### EXERCISE PROMPT
Using only the entries below, copy exactly the lines that begin at the one with "Sports - 2018" and end at the one with "Adjustable Tube Clips 25mm - 35mm 2pack", both included. Drop the pictures.

### EXCERPTED RECORDS
* * * *

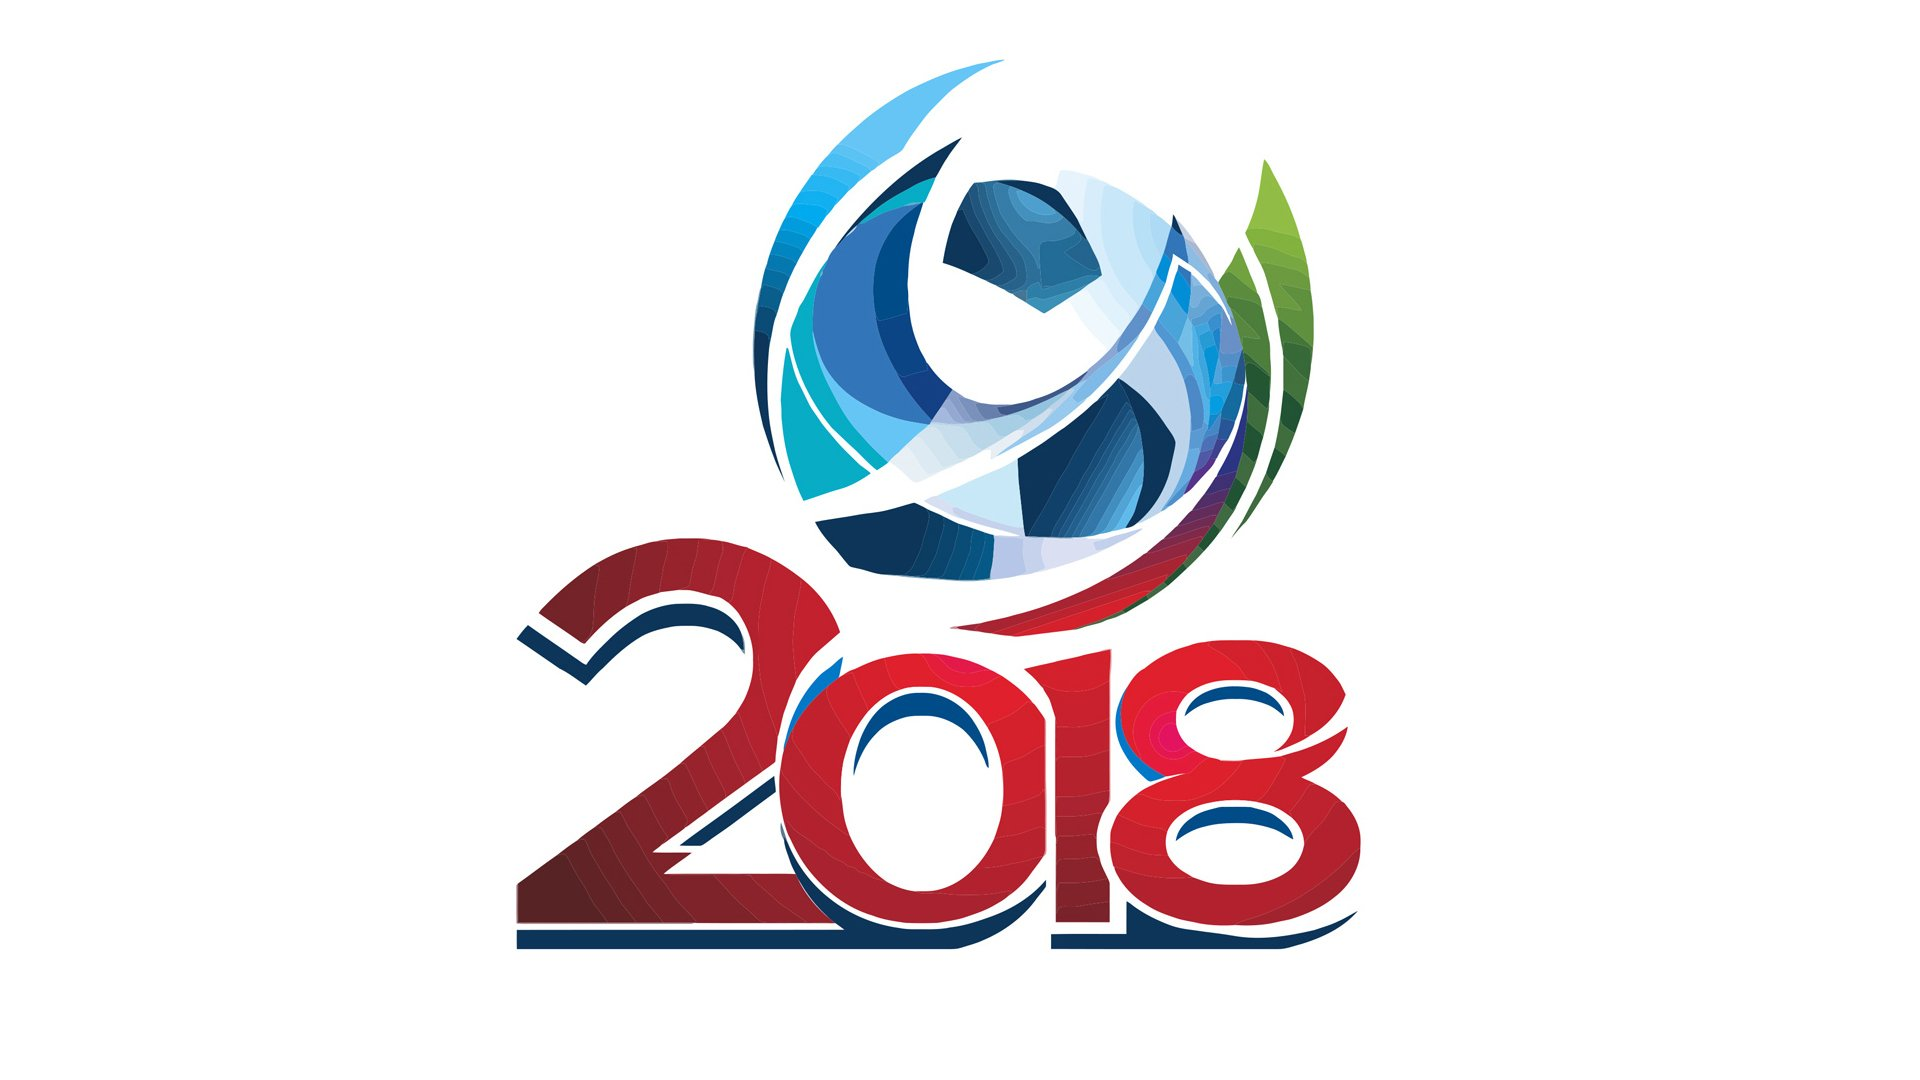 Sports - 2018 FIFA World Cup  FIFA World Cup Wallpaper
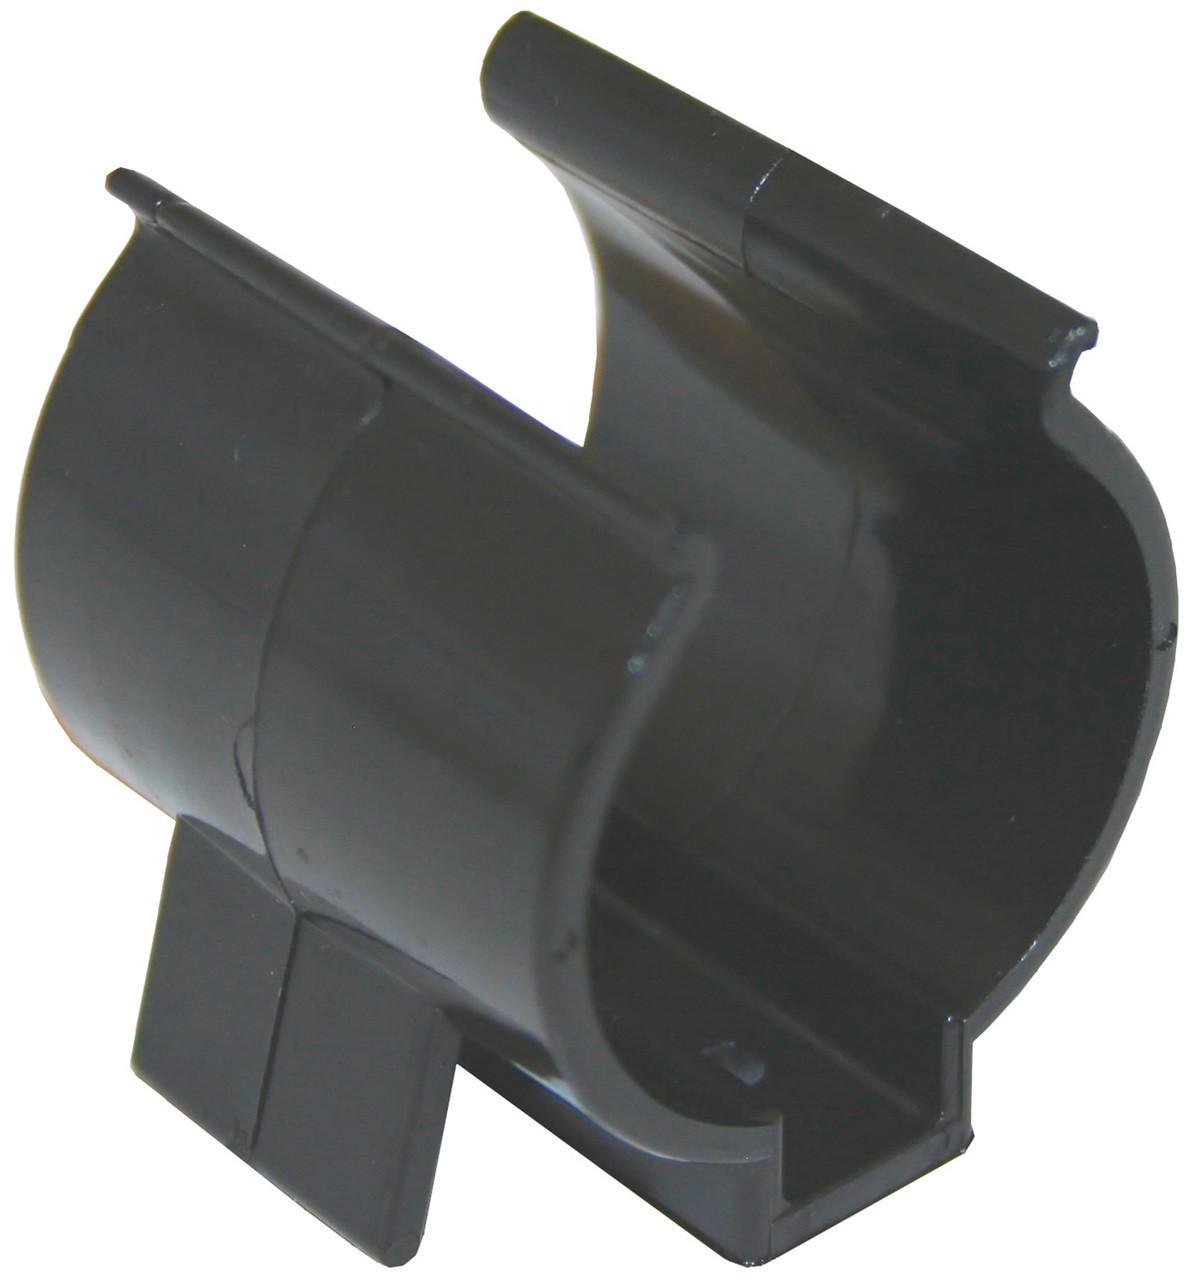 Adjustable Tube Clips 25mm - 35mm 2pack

* * * *

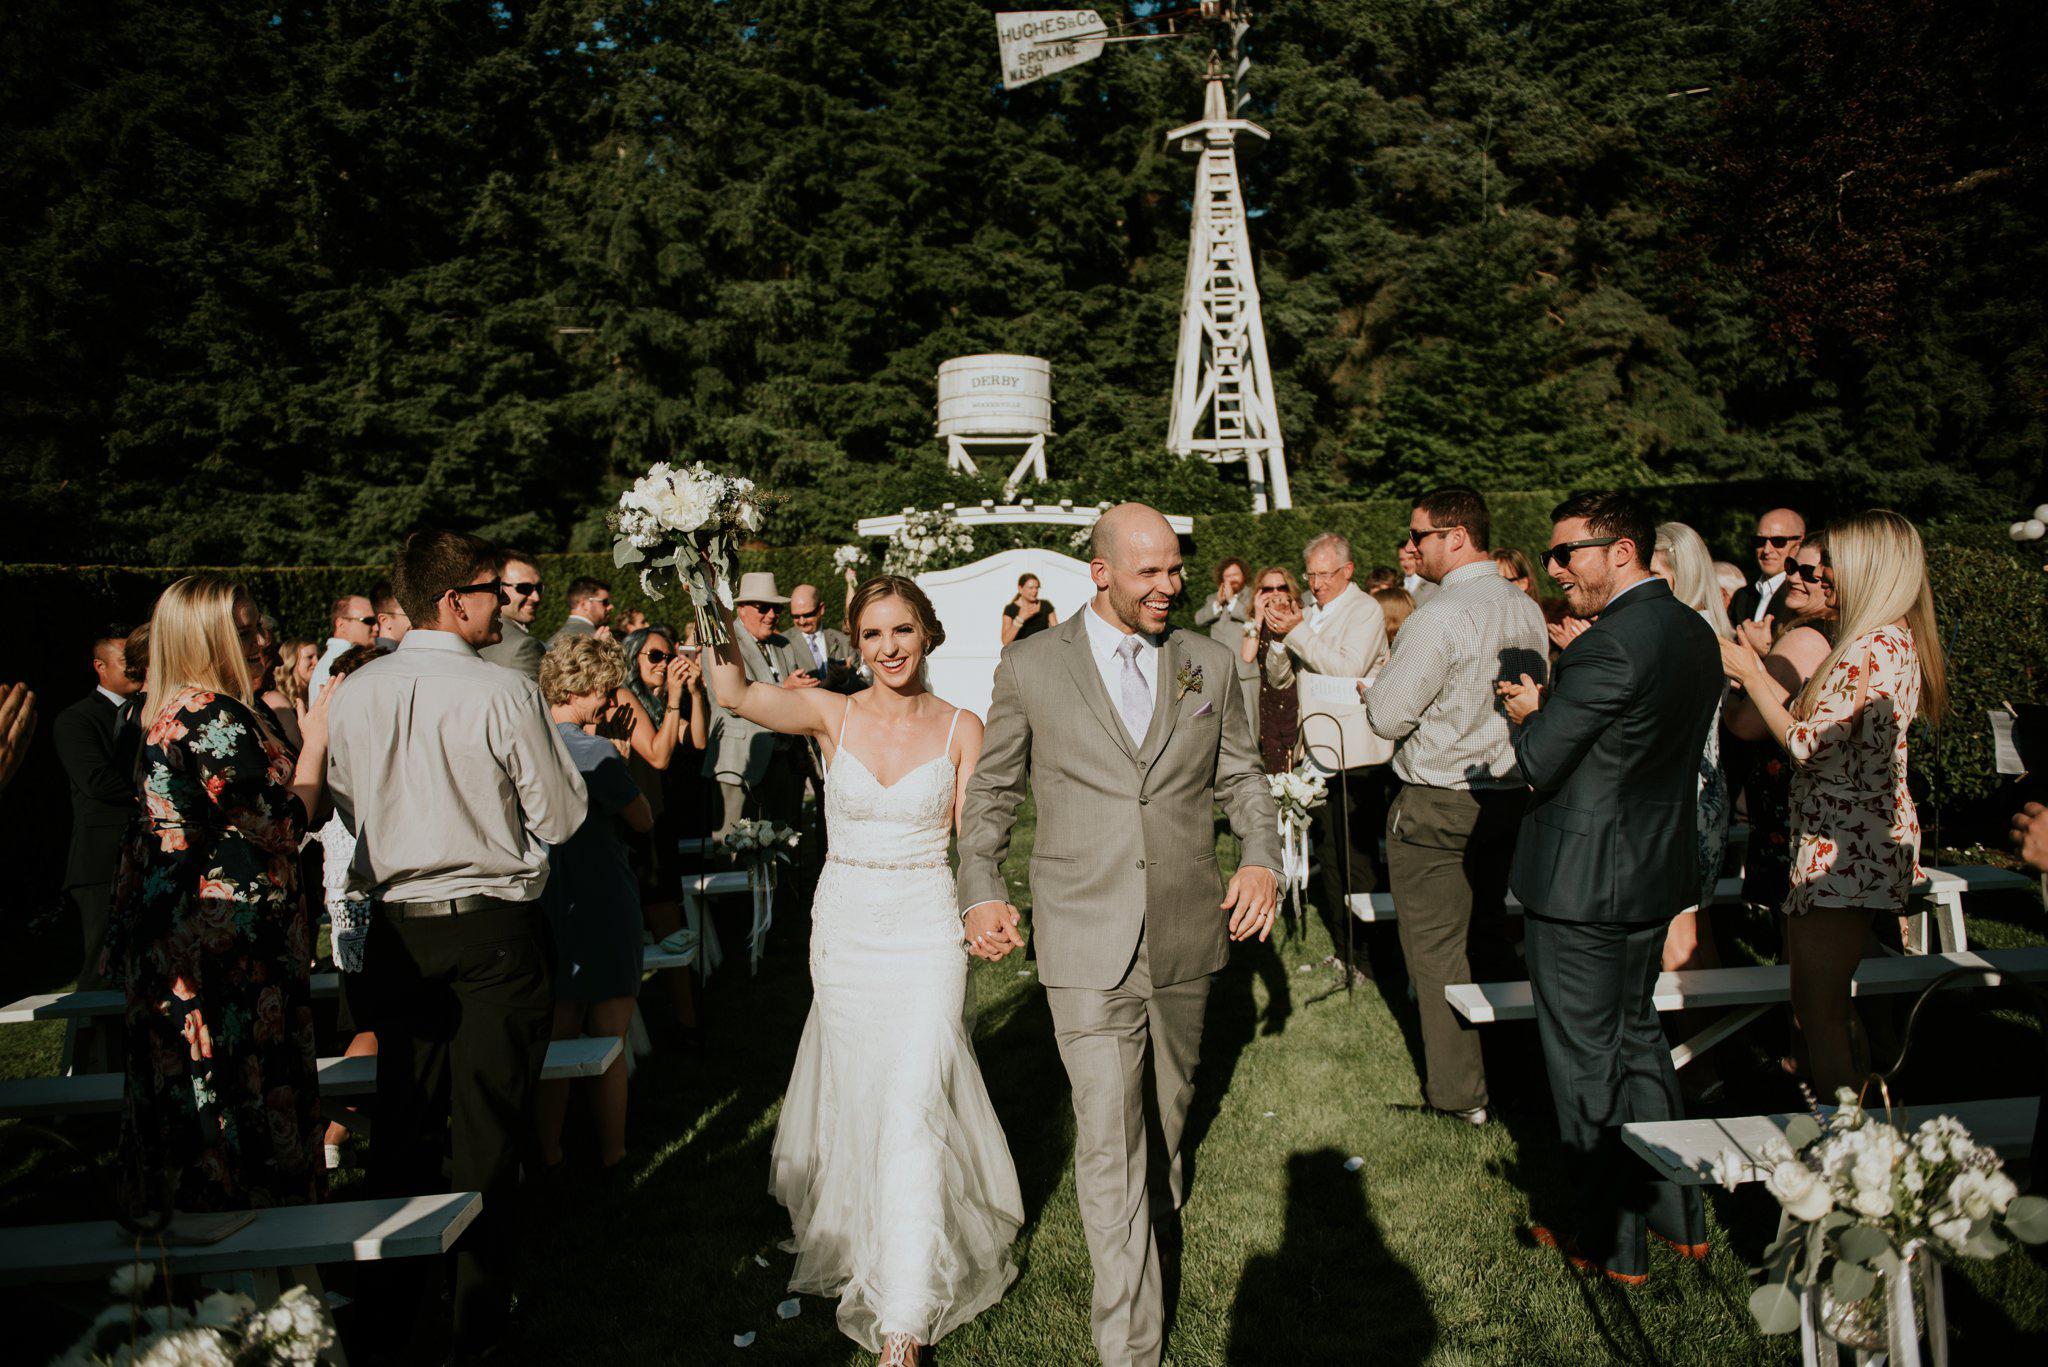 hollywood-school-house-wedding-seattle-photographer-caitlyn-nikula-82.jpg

* * * *

### RESPONSE BOX
 Sports - 2018 FIFA World Cup  FIFA World Cup Wallpaper
 Adjustable Tube Clips 25mm - 35mm 2pack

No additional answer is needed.